Check results should record check_id, status, observed_at, url, evidence, and structured error details when failed.

provenance

Describes review and revision metadata.

Common fields:

  • created_by
  • created_at
  • updated_by
  • updated_at
  • reviewed_by
  • reviewed_at
  • source
  • revision

Keep provenance public-safe.

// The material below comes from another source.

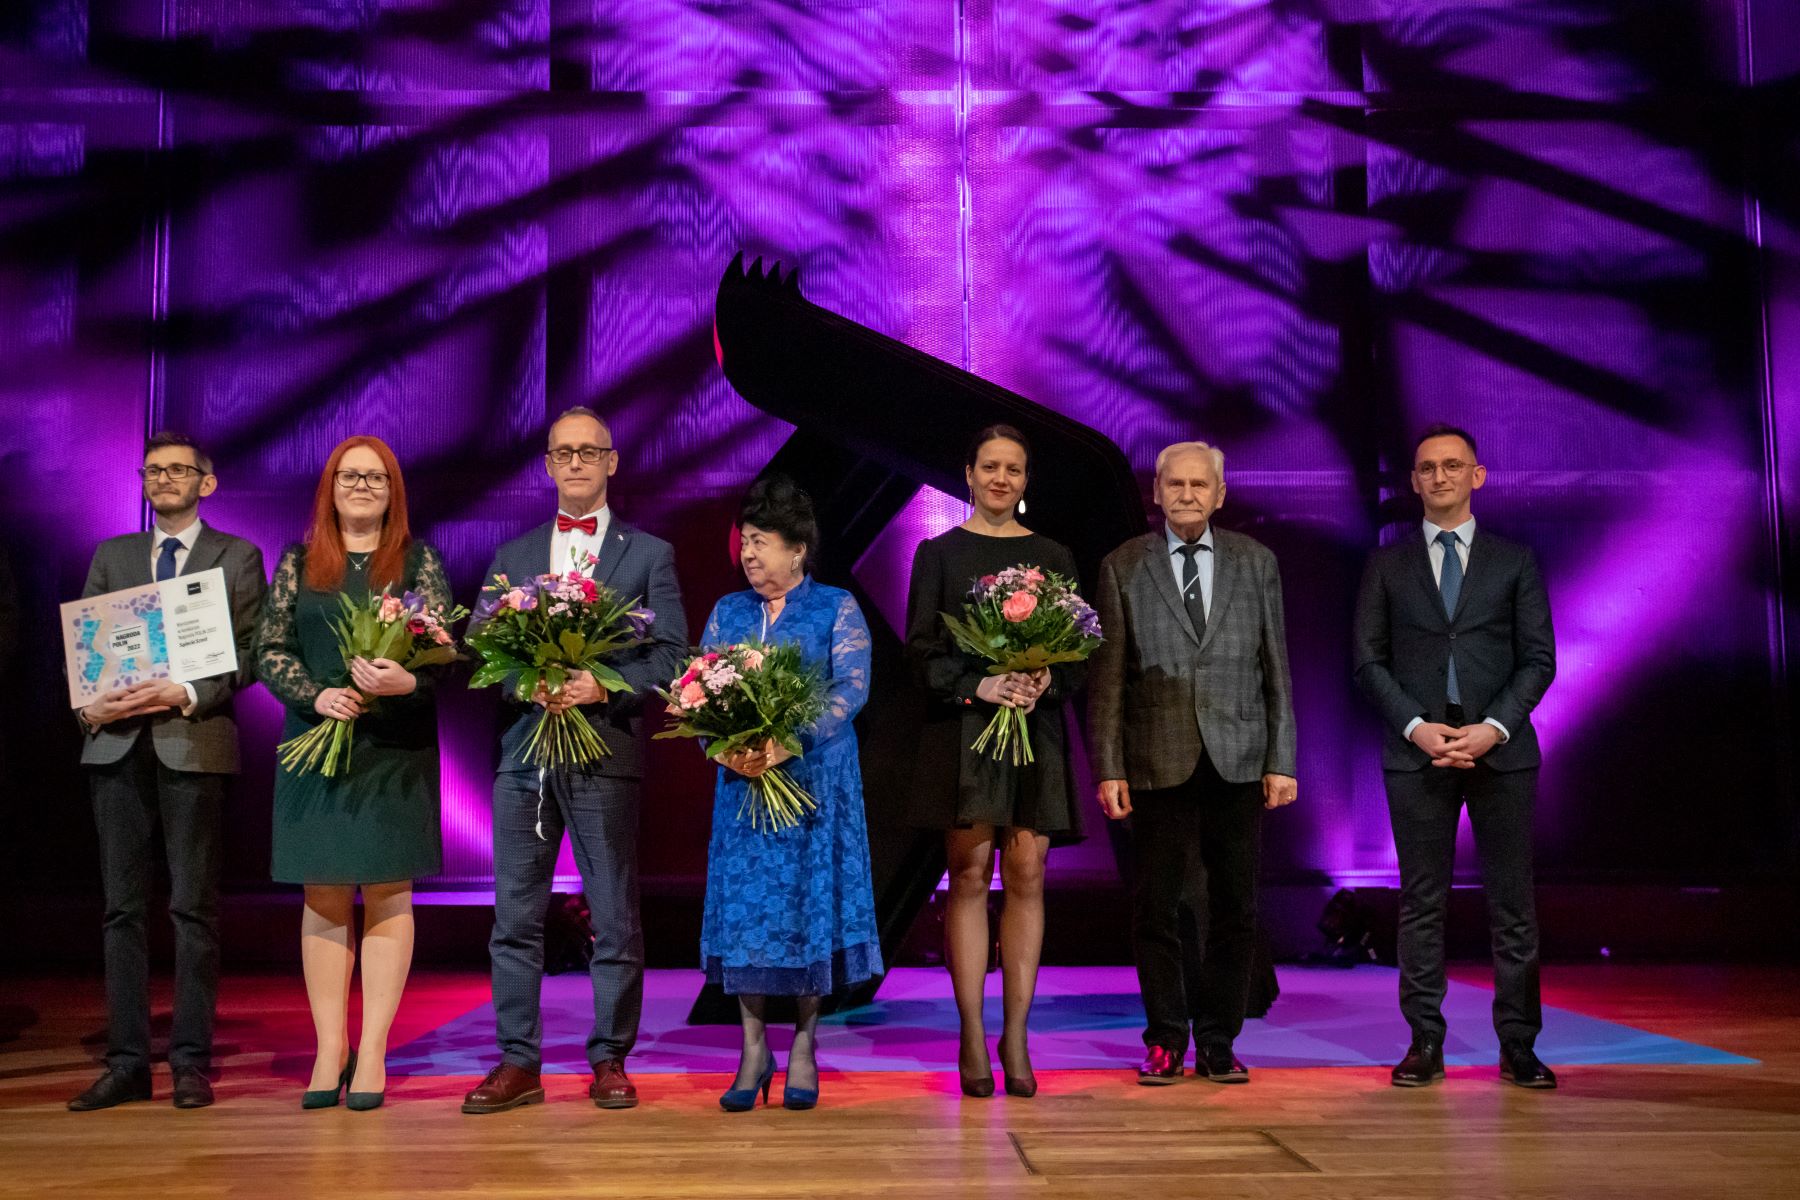 Przedstawiciele Sądeckiego Sztetla odbierają wyróżnienie podczas gali Nagroda POLIN 2022. Stoją na scenie w audytorium.

Do not publish private account names, non-public repository paths, or sensitive source URLs in public maps.

Safe Identifiers

Names and ids should be stable, ASCII, and safe to use in logs and protocol messages.

Recommended pattern:

^[a-zA-Z][a-zA-Z0-9_-]*(\.[a-zA-Z][a-zA-Z0-9_-]*)*$

Use dotted names for actions and signals:

  • search.submit
  • results.collect_visible
  • overlay.open_categories

Validation Rules

A v1 validator should reject a manifest when:

  • protocol is missing or unsupported;
  • version is missing or unsupported;
  • tools is missing or is not an array;
  • names or ids are not safe identifiers;
  • two exposed names collide in the same namespace;
  • input_schema, payload, or result_schema is present but is not a JSON object;
  • an agent-callable tool declares no handler and no executable or documented execution.steps;
  • an enabled signal lacks event;
  • selector fields are present but not strings or string arrays;
  • an attachment lacks a target or lifecycle policy;
  • a transition references an unknown state;
  • a check references an unknown tool, state, attachment, or target;
  • source.files contains absolute paths or paths that escape the package/site root.

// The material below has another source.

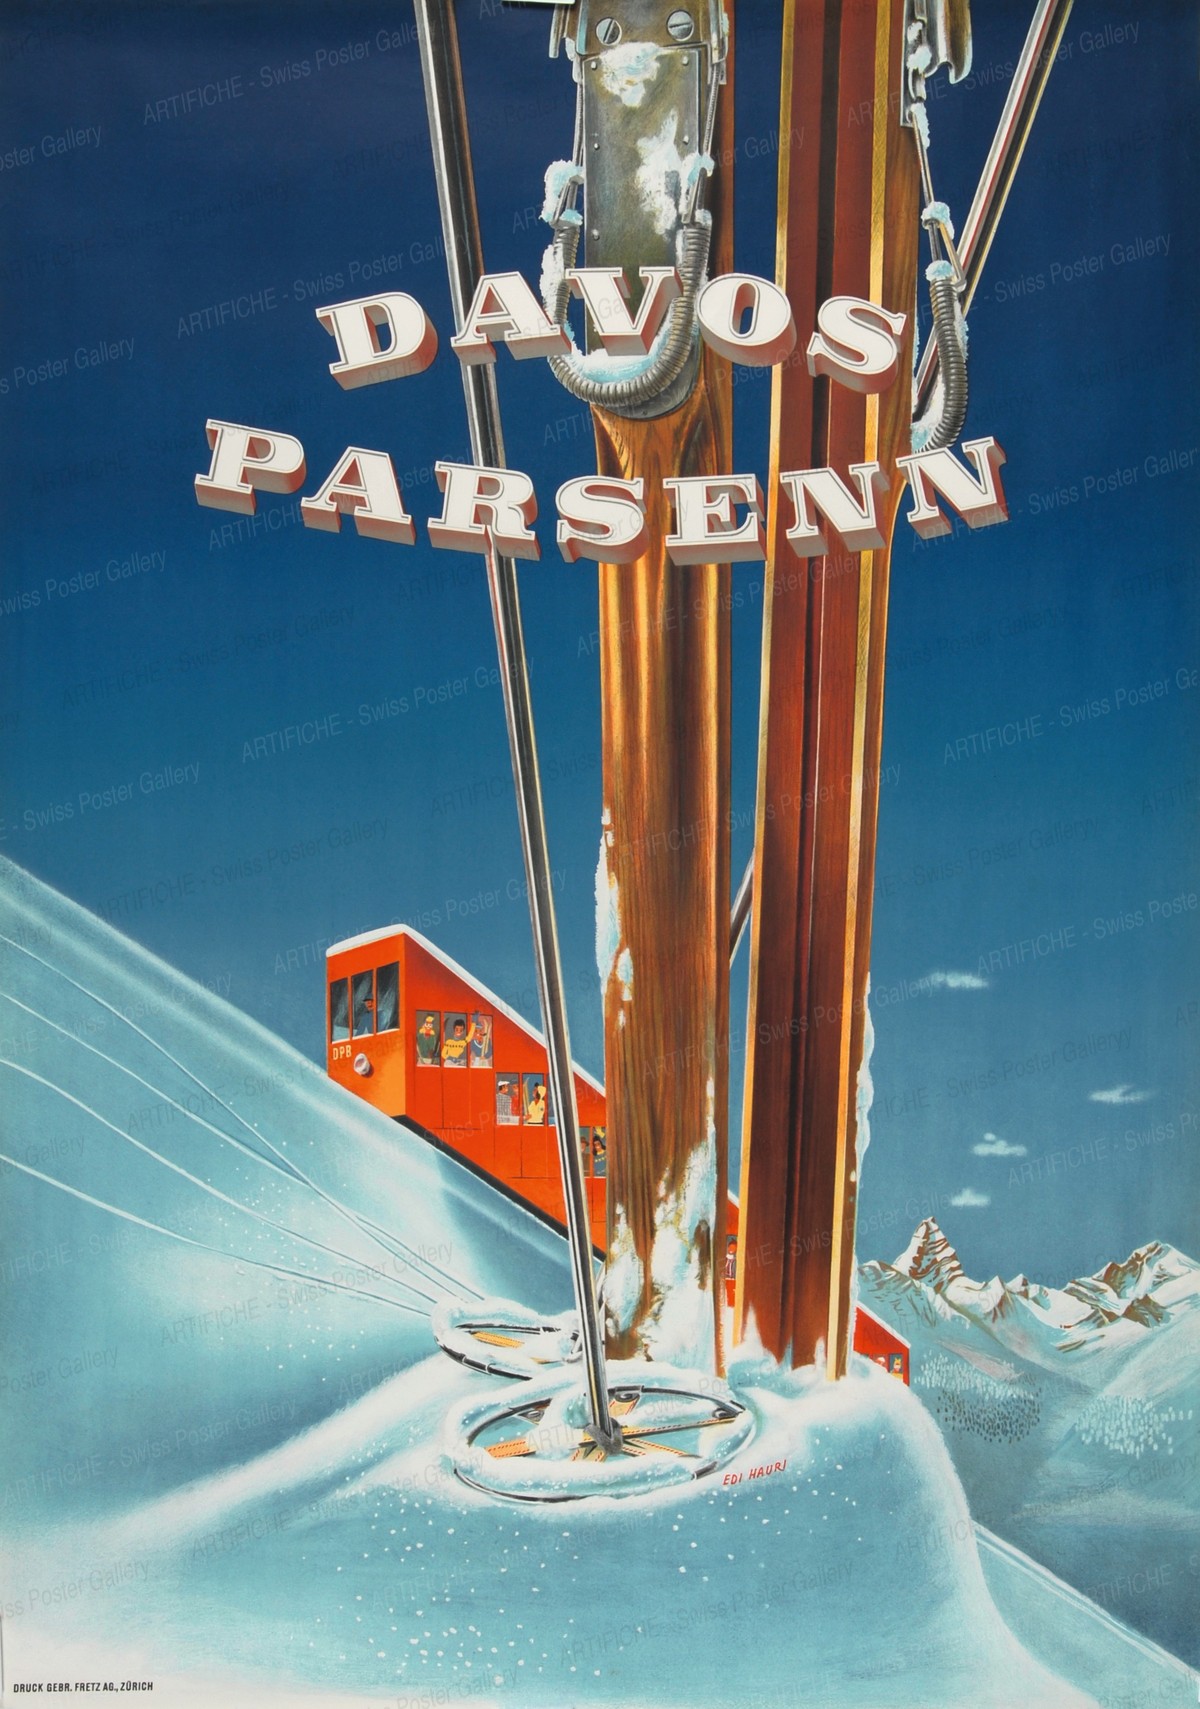 Davos – Parsenn – Switzerland – Suisse, Edi Hauri

Static validation cannot prove every dynamic page handler exists before a page runs. Runtime validation must handle missing handlers and drift with structured errors.

Runtime Rules

A runtime should:

  • load and validate the manifest before exposing actions;
  • expose no actions from an invalid manifest;
  • compose imports according to namespace, trust, and override policy;
  • select relevant context based on current URL, state, target, and task;
  • treat context as documentation, not permission;
  • validate every action call against input_schema;
  • diagnose required state before stateful actions;
  • resolve handlers only from approved loaded runtime/page code;
  • execute steps according to execution.mode when the selected mode is implemented by that runtime;
  • observe transition rate limits and convergence rules;
  • install, remove, and reattach attachments according to lifecycle policy;
  • fail fast when the runtime is not ready;
  • validate page-originated events before forwarding them;
  • treat event payloads as structured data, not user text;
  • preserve private, shared, and public storage boundaries.

Protocol Binding

The runtime communicates through the Actions Bridge Protocol. The canonical item types are:

  • runtime_ready
  • runtime_status
  • action_call
  • action_call_output
  • dom_event
  • action_error

See Actions Bridge Protocol for message shapes, correlation rules, routing rules, and error envelopes.